# [ASSIGNED TASK]
An exact copy of the lines of the listing below between the "Chocolat Blu Riverside Wedge Women's Sandal" line and the "Forks set of 6" line, both included, is the whole answer; please omit the pictures.

# [SUPPLIED MATERIAL]
=-=-=-=-=

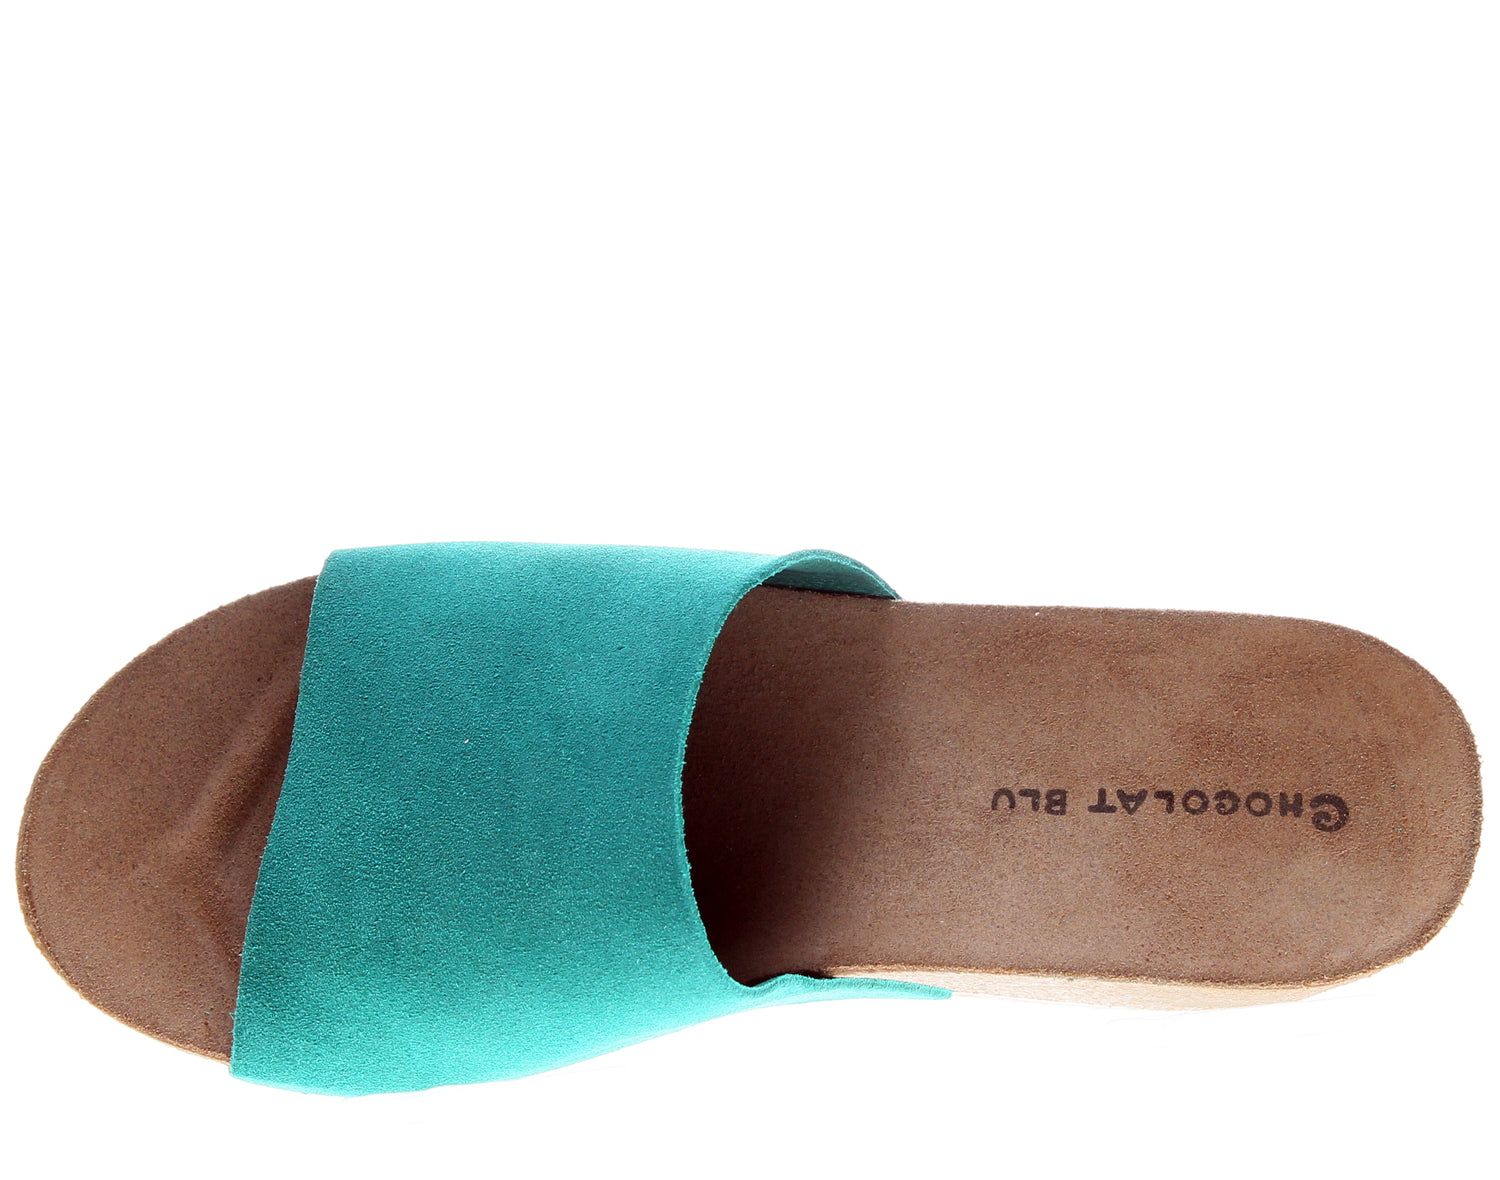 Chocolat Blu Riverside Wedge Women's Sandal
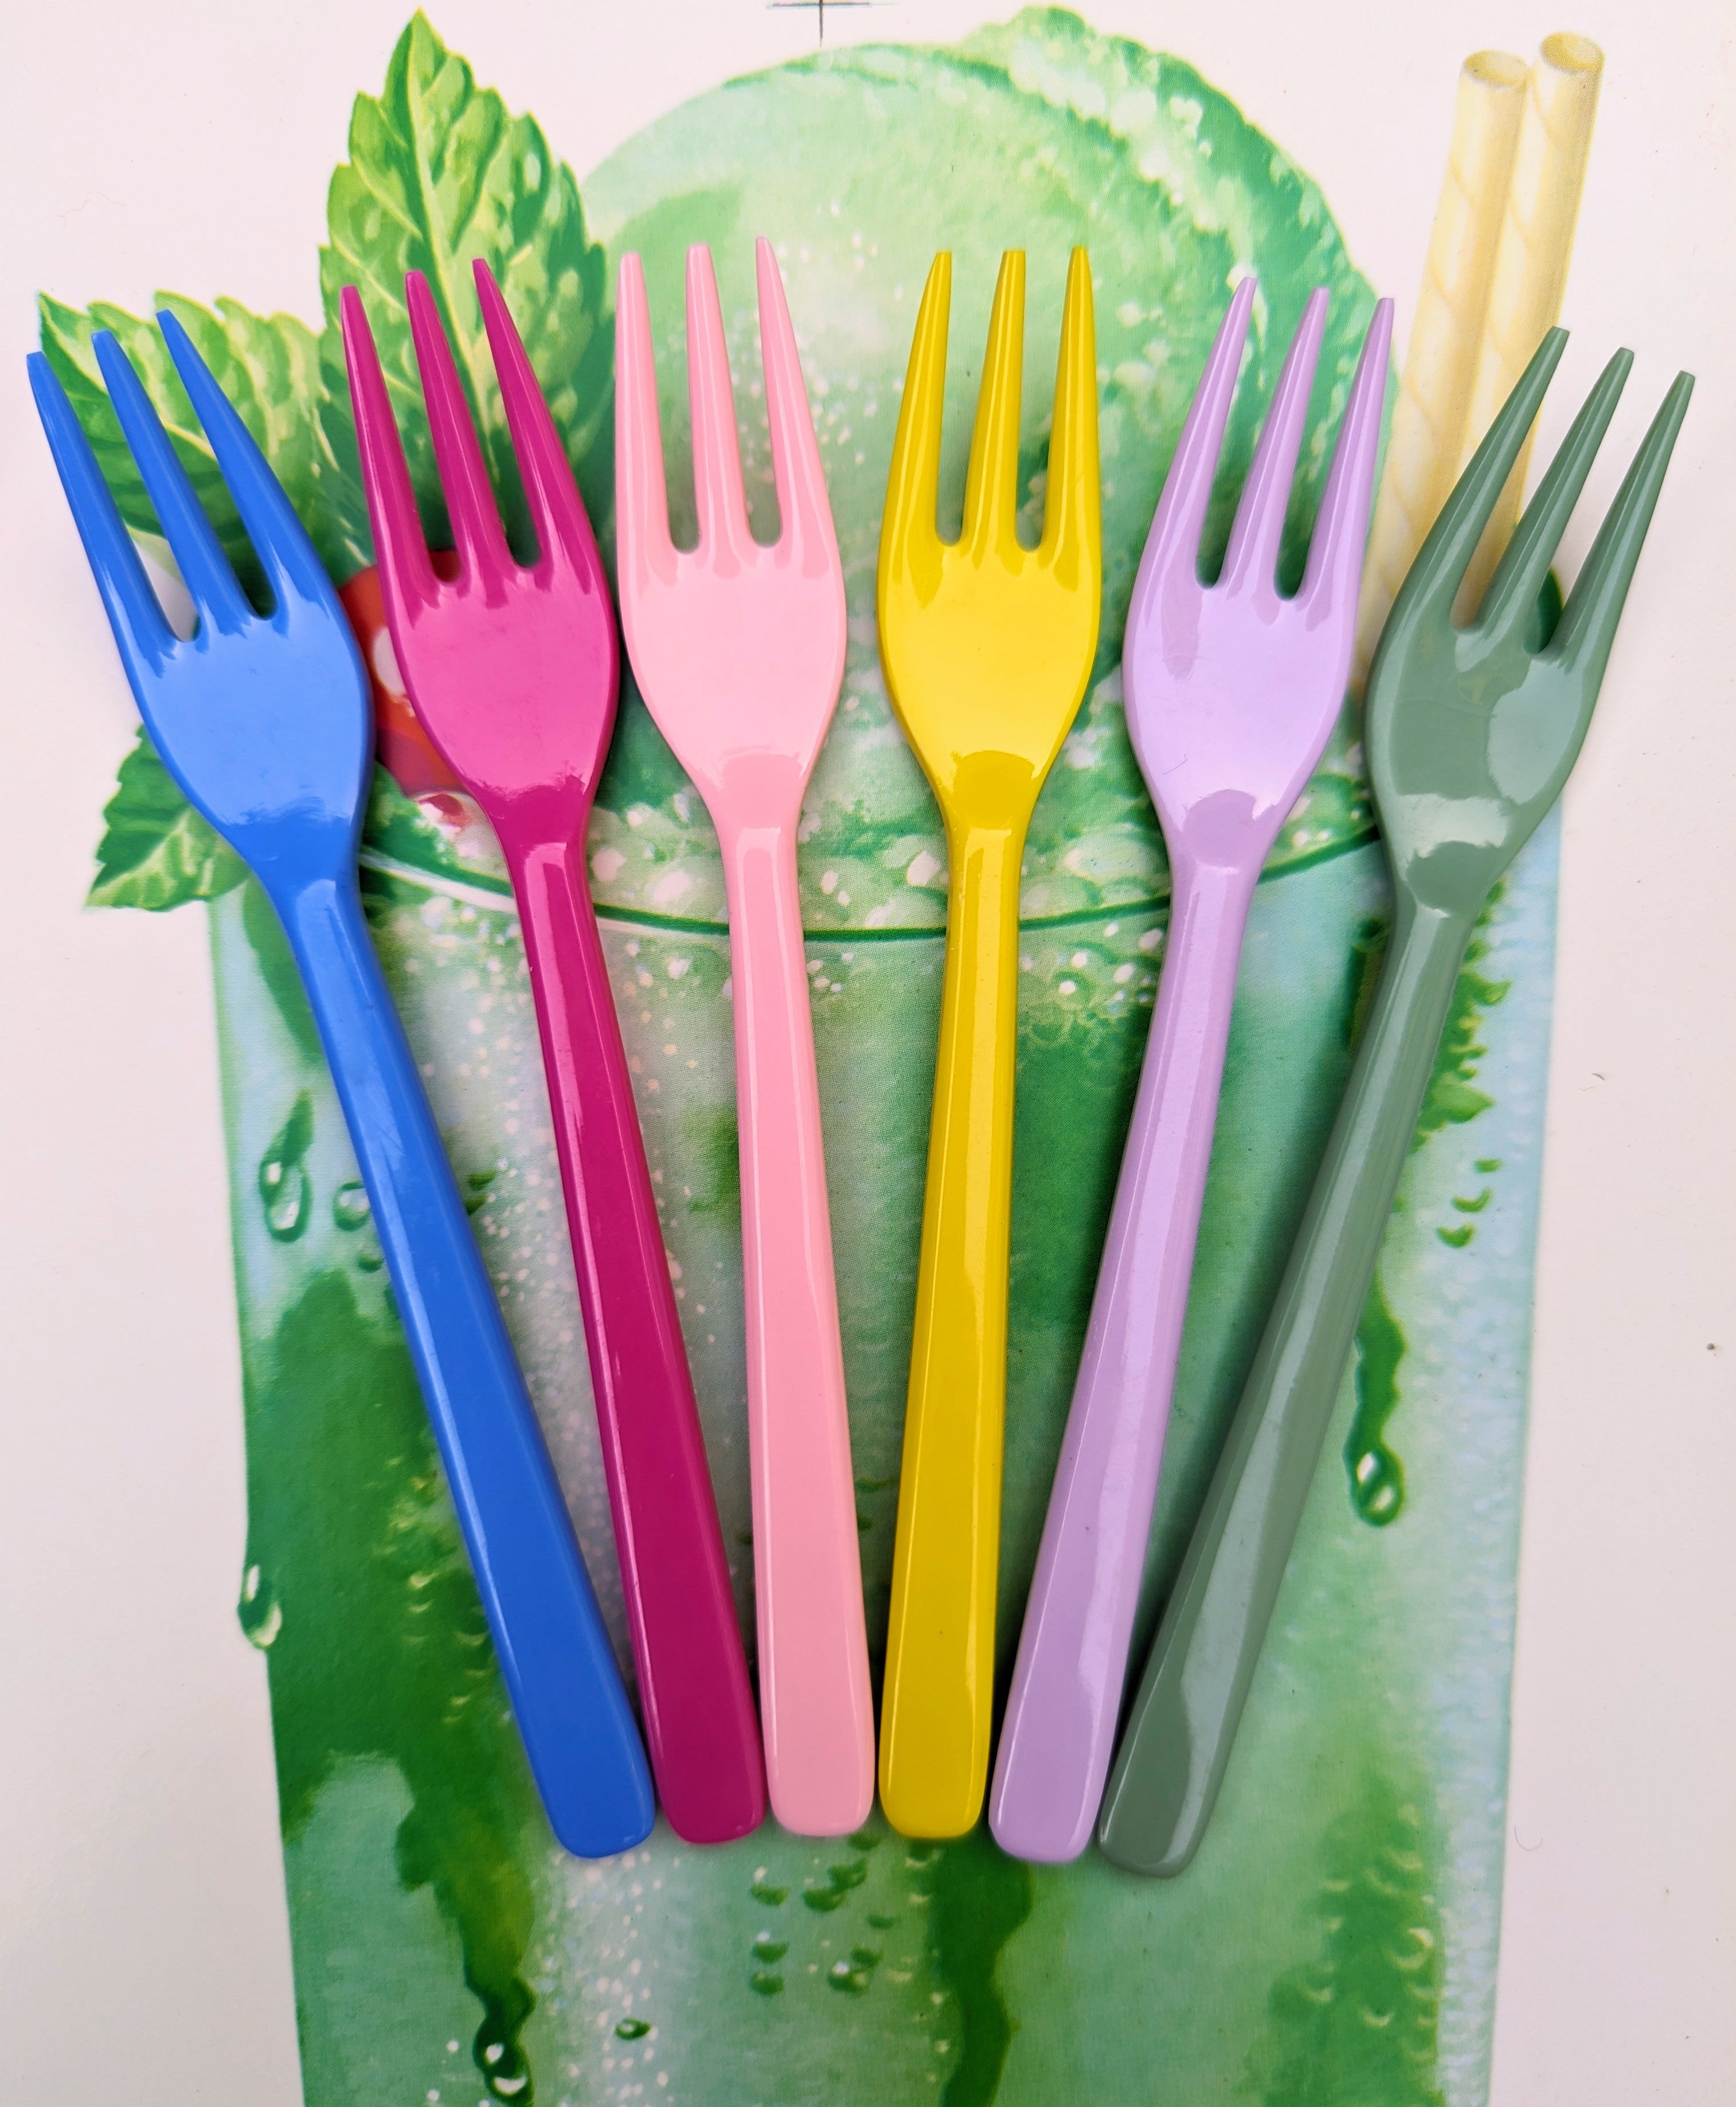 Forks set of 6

=-=-=-=-=

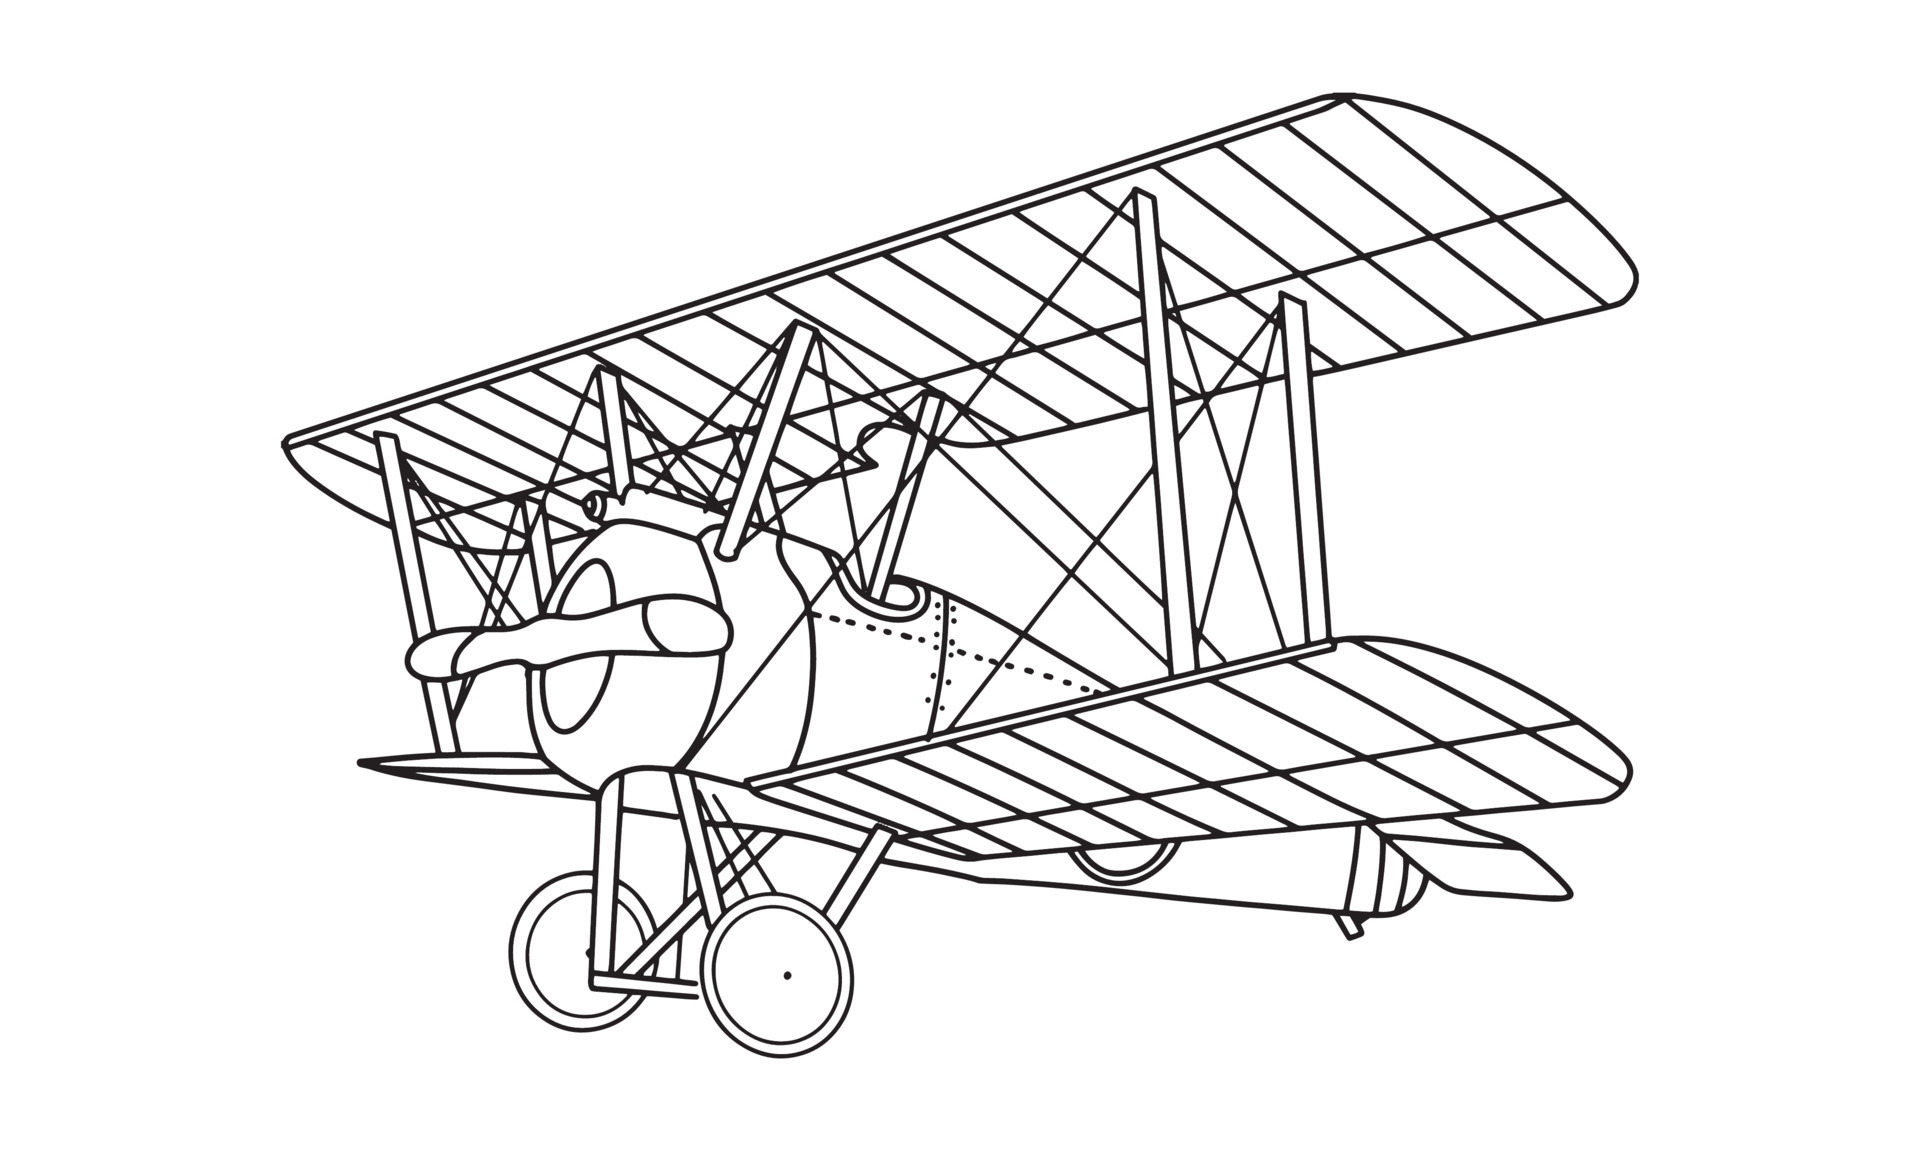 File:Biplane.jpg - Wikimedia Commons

=-=-=-=-=

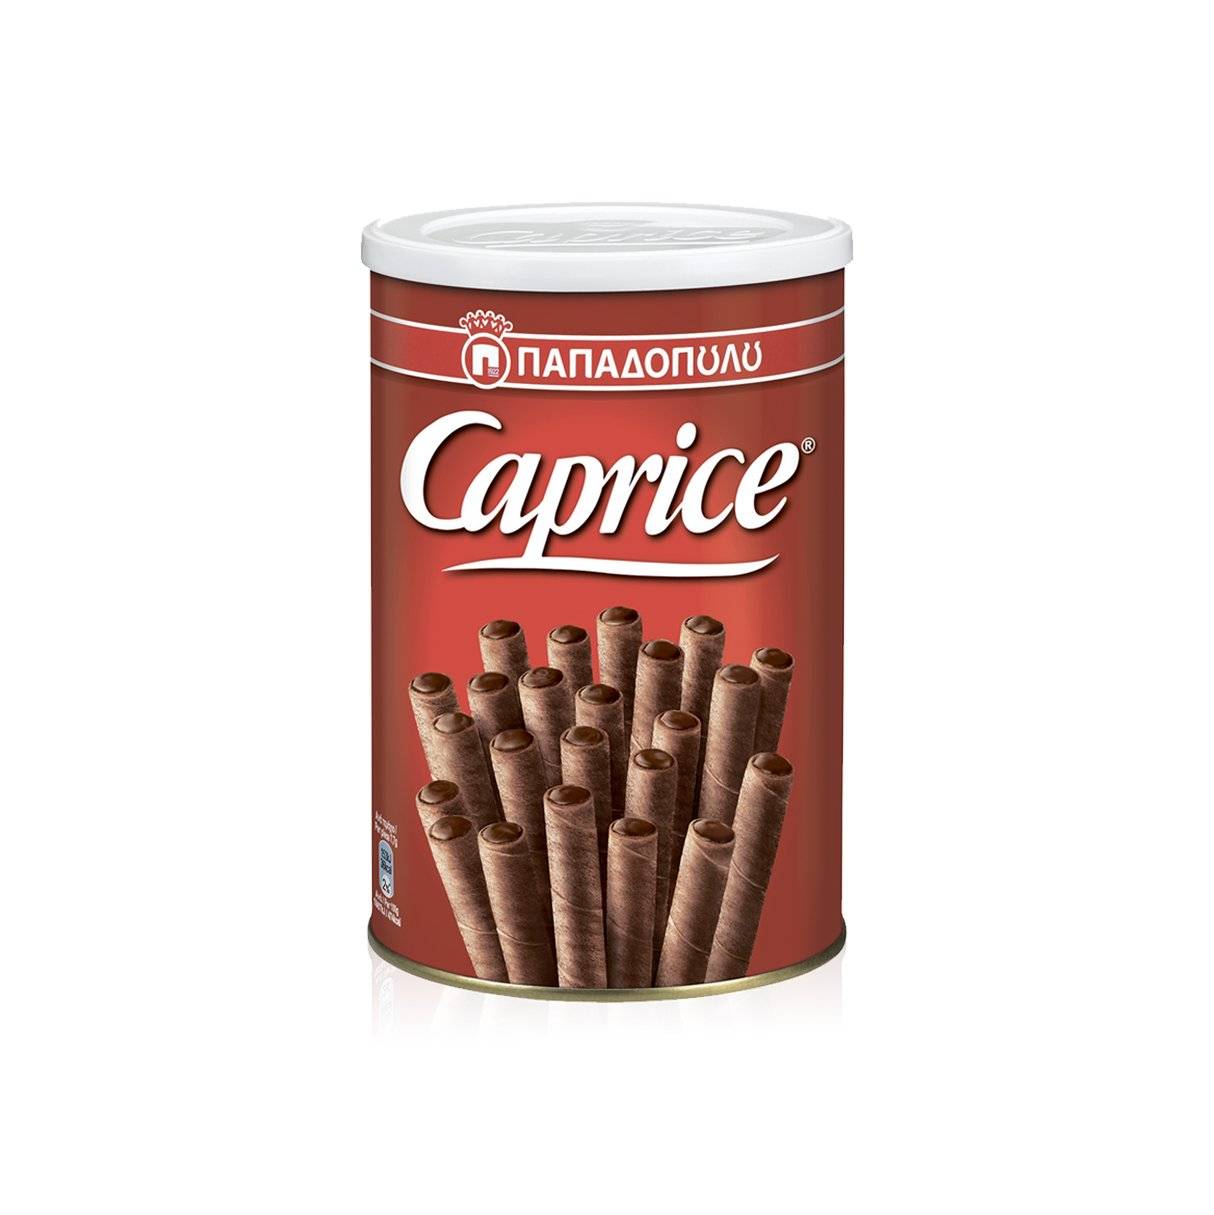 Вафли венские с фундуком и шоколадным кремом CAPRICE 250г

=-=-=-=-=

# [TASK ANSWER]
 Chocolat Blu Riverside Wedge Women's Sandal
 Forks set of 6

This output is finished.